ABOUT THIS EXERCISE >> Repeat the listing verbatim. Drop any pictures.

DATA EXCERPT >>
- - - - - - -
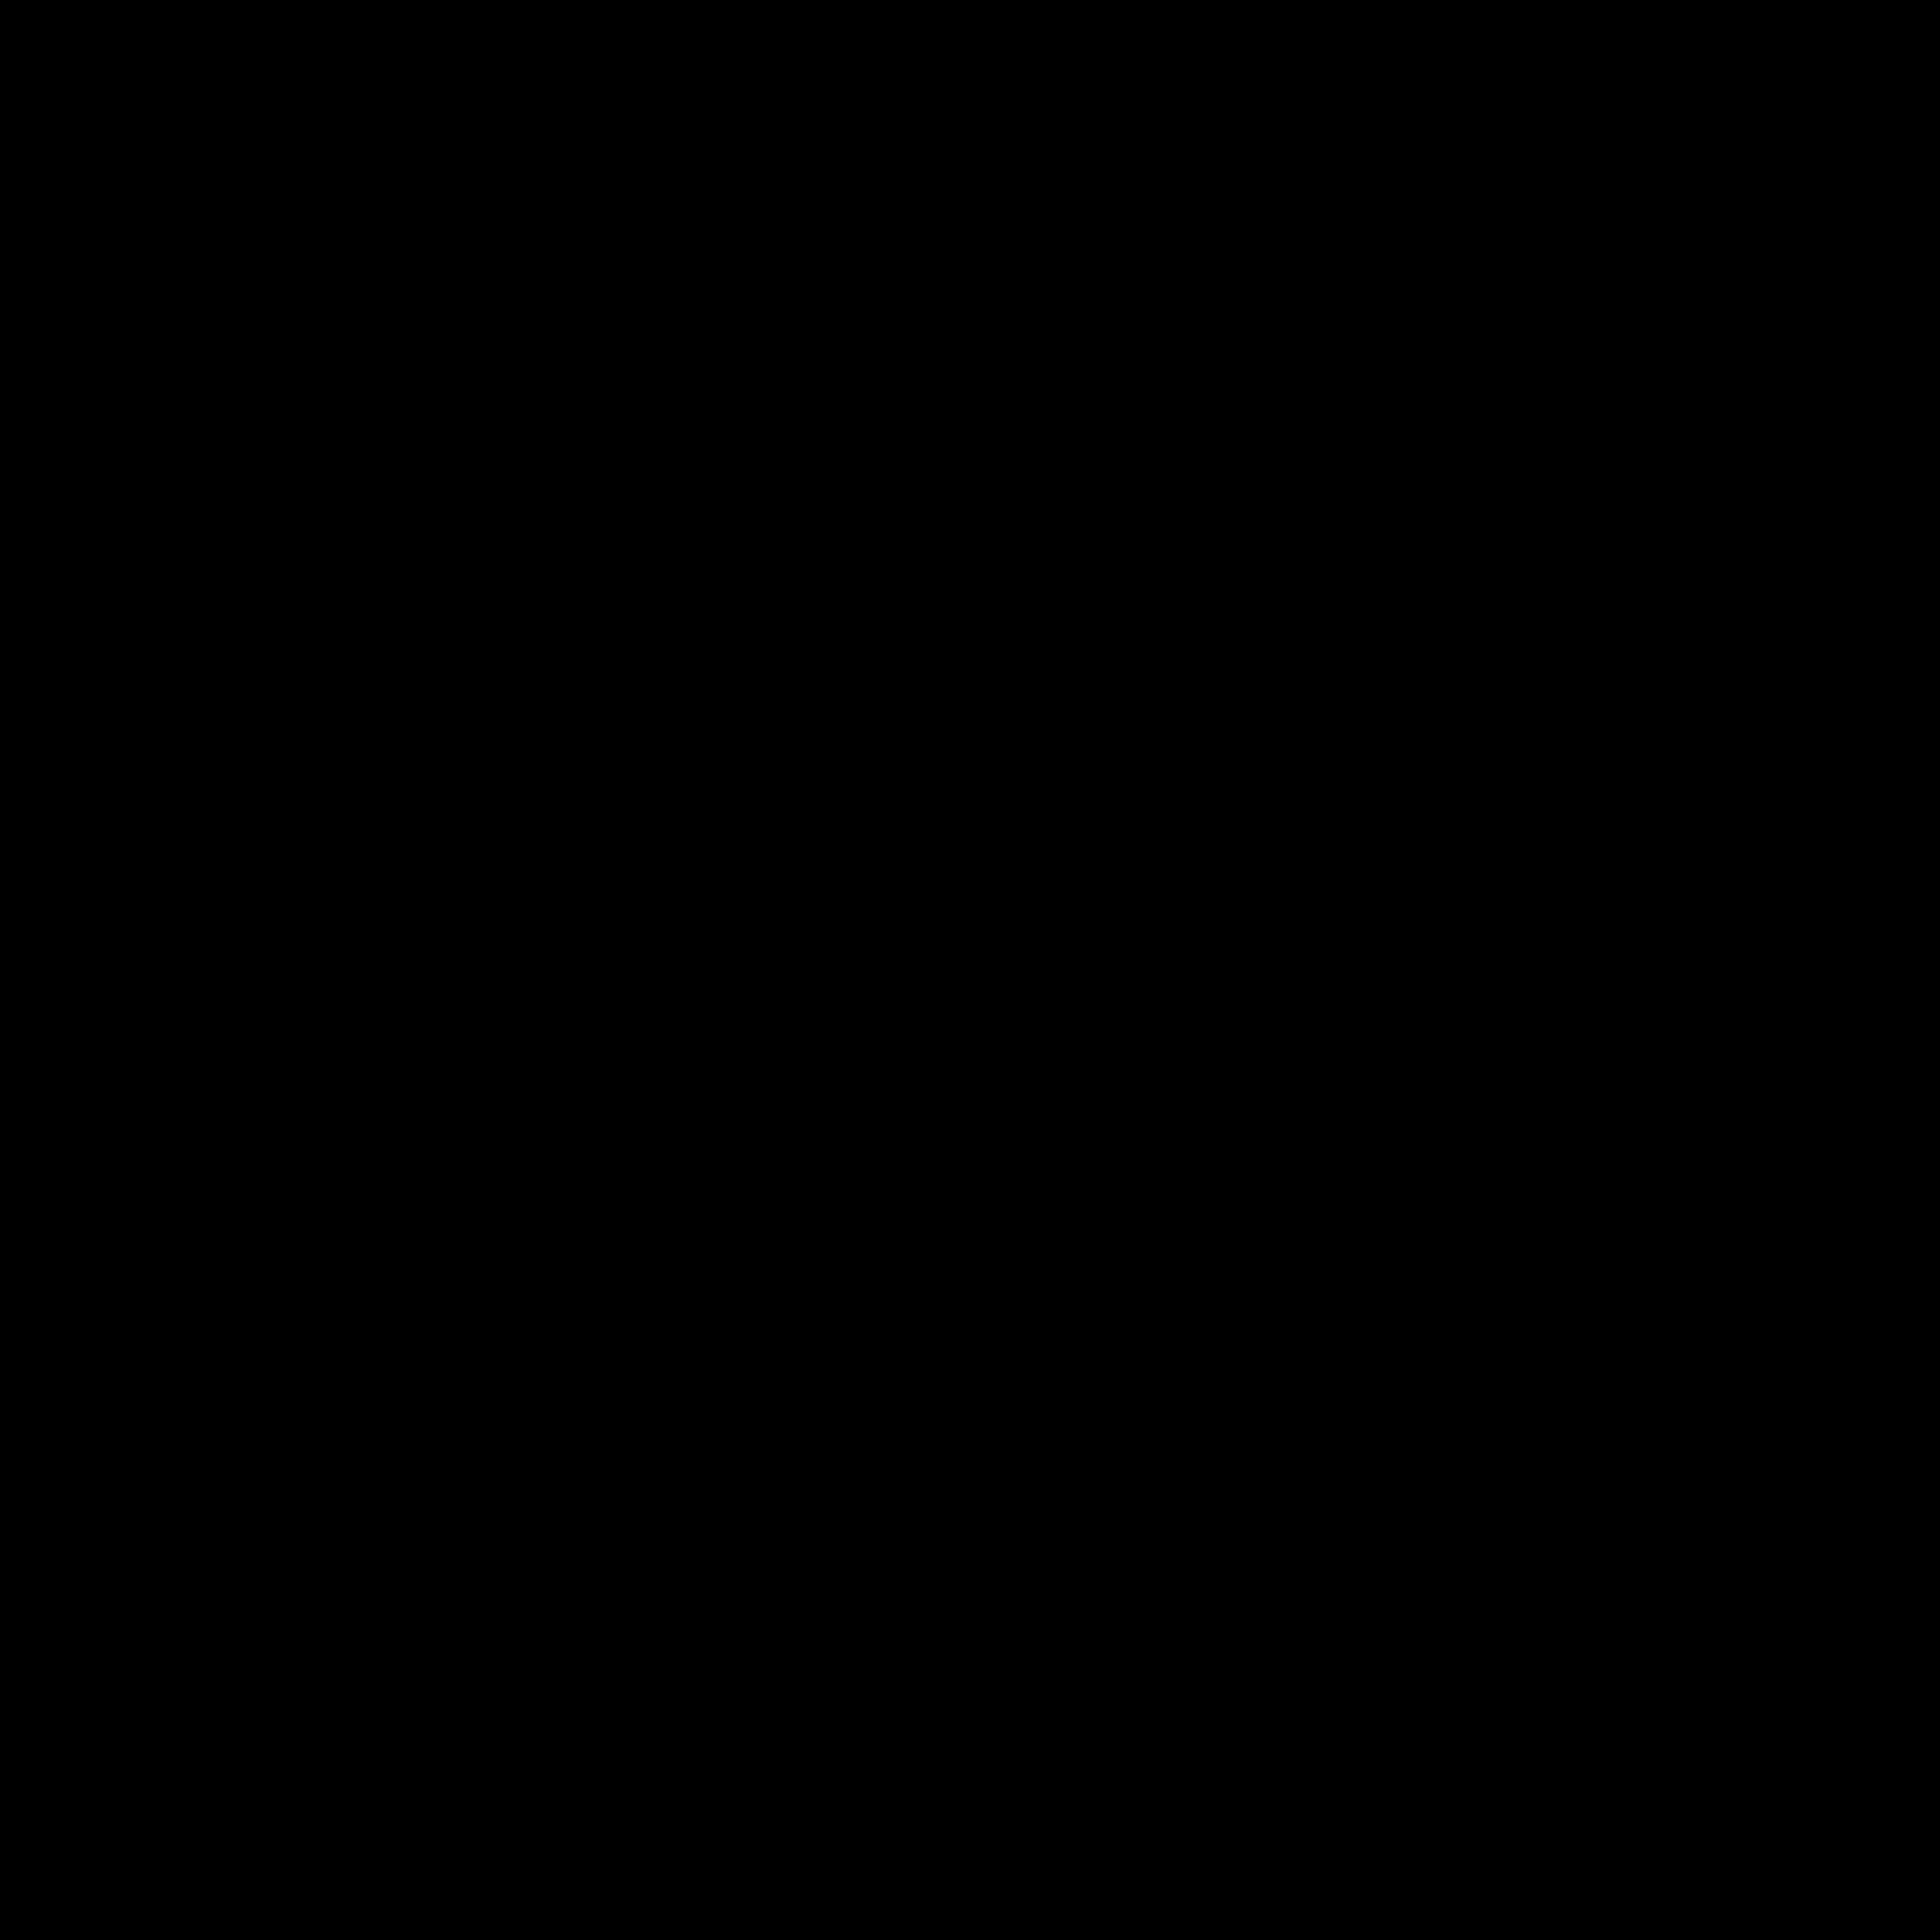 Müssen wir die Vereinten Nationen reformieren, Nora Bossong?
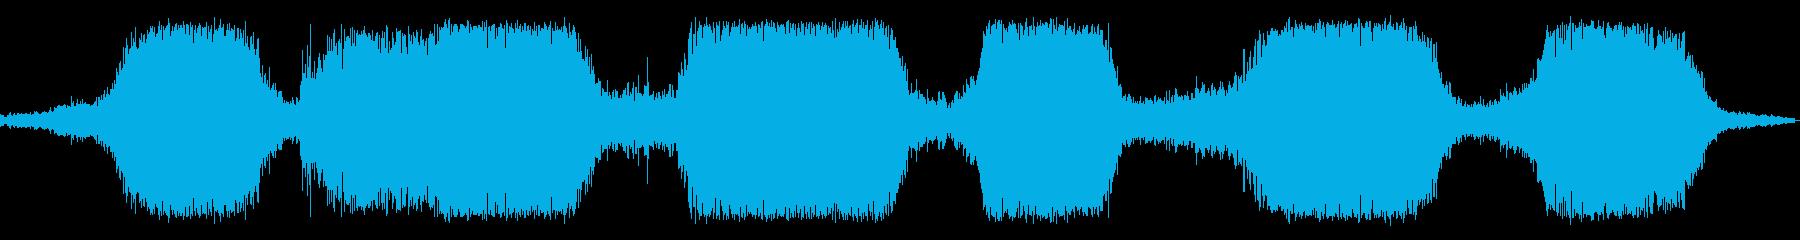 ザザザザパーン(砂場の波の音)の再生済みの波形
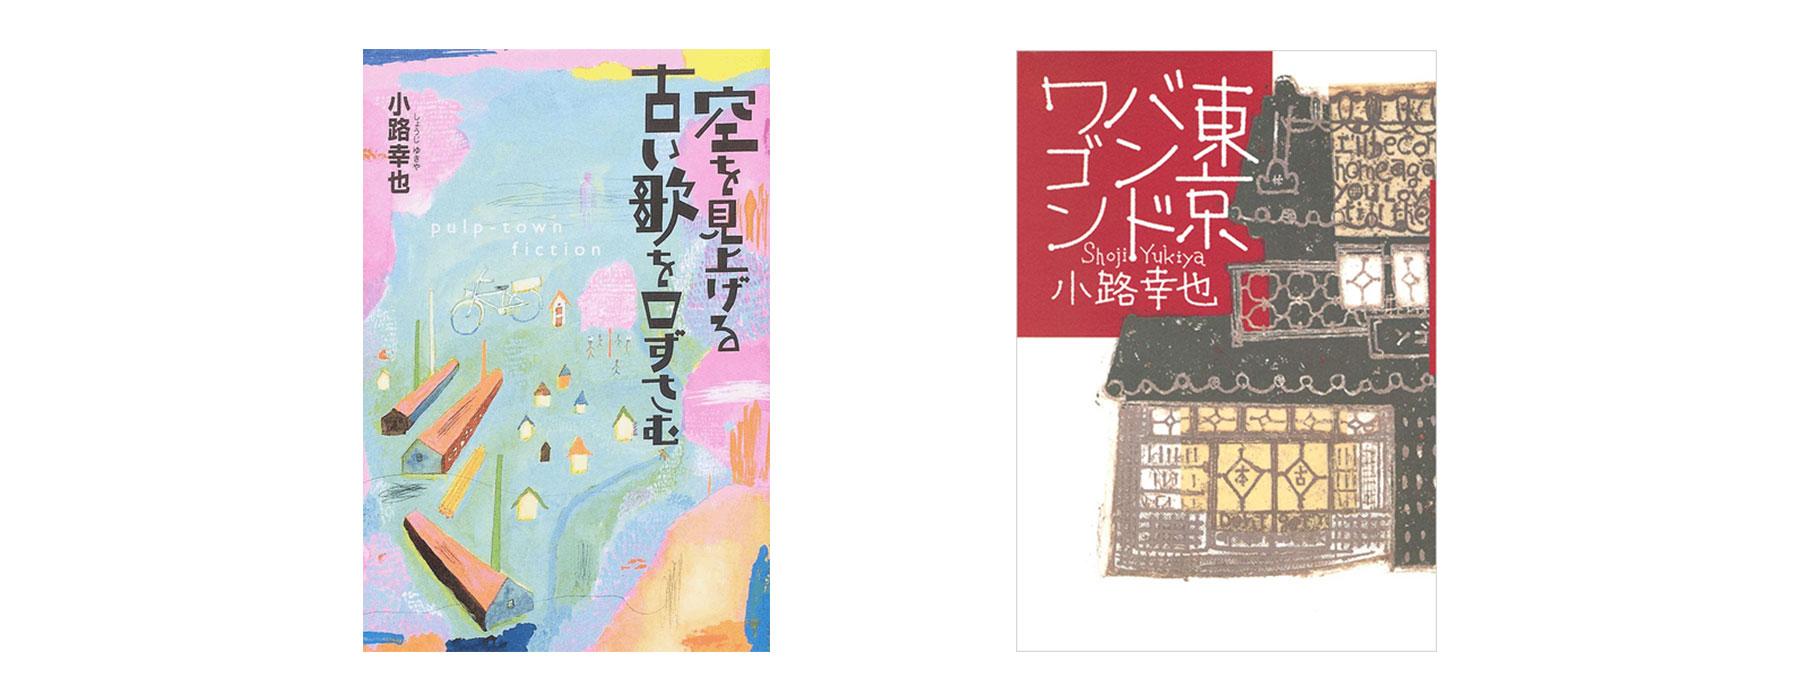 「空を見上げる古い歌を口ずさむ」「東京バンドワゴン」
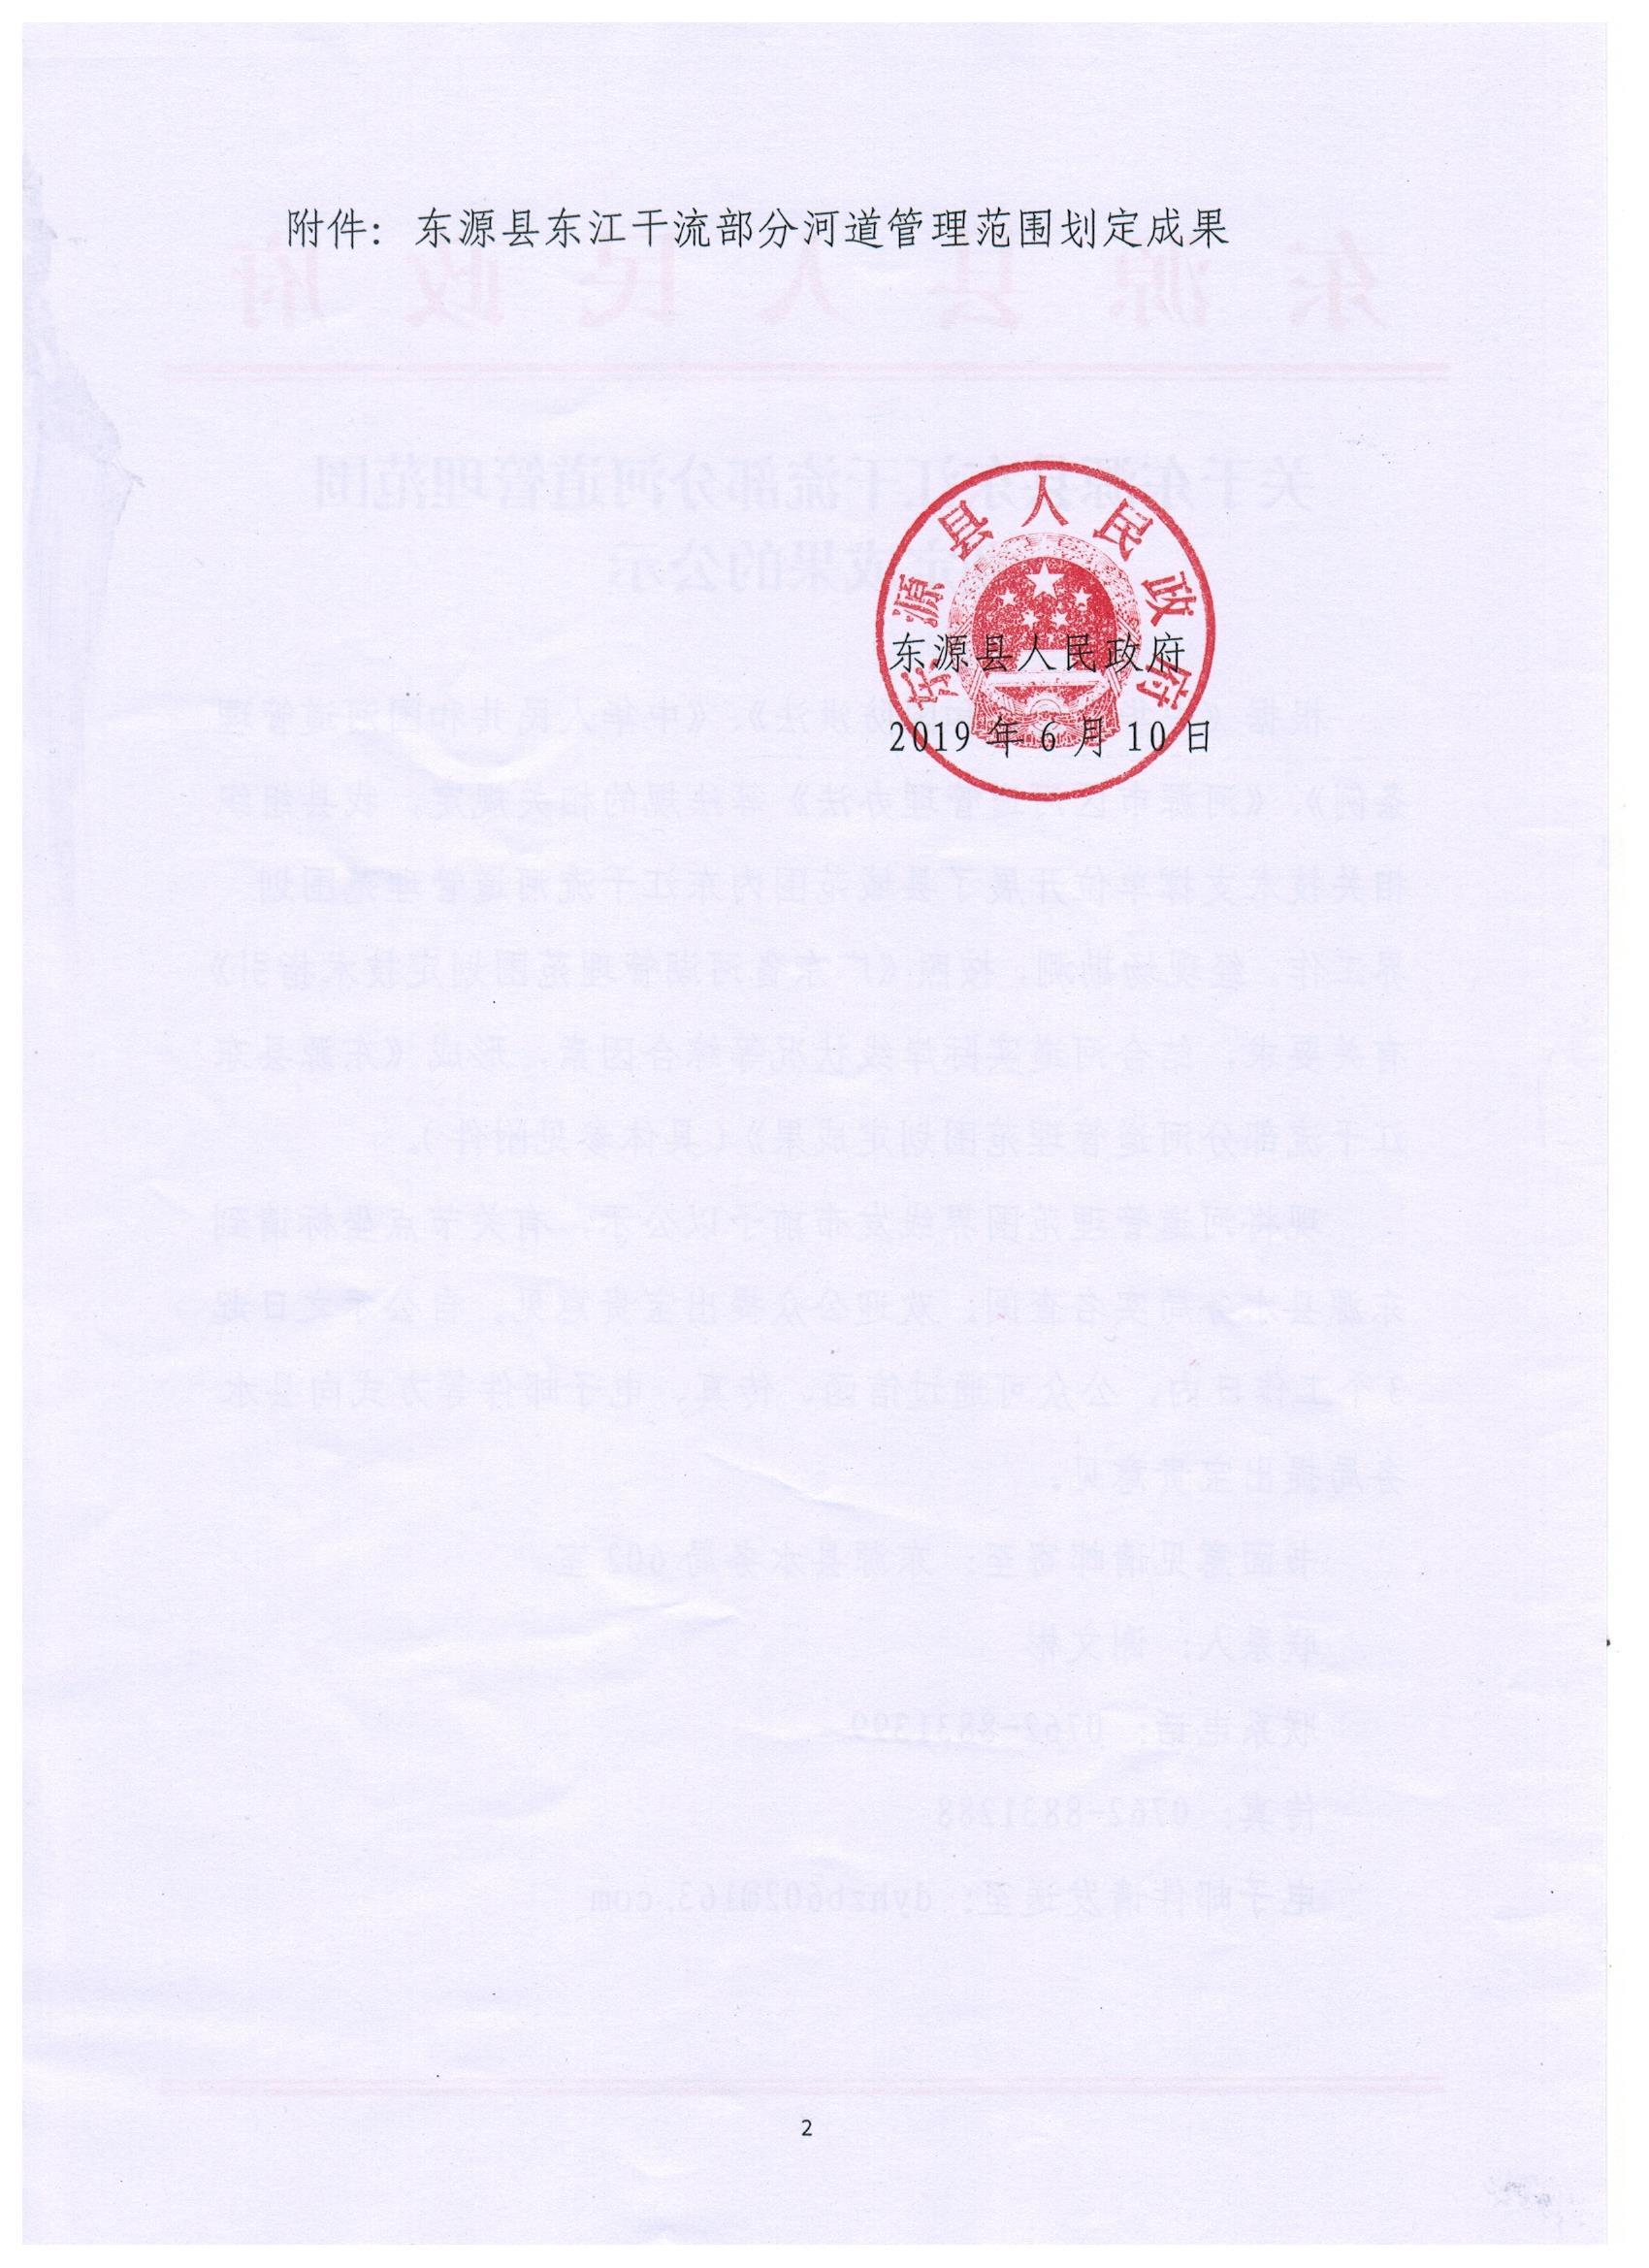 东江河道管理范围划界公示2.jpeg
- - - - - - -
SOLUTION FOR THIS PROBLEM >>
 Müssen wir die Vereinten Nationen reformieren, Nora Bossong?
 ザザザザパーン(砂場の波の音)の再生済みの波形
 「空を見上げる古い歌を口ずさむ」「東京バンドワゴン」
 东江河道管理范围划界公示2.jpeg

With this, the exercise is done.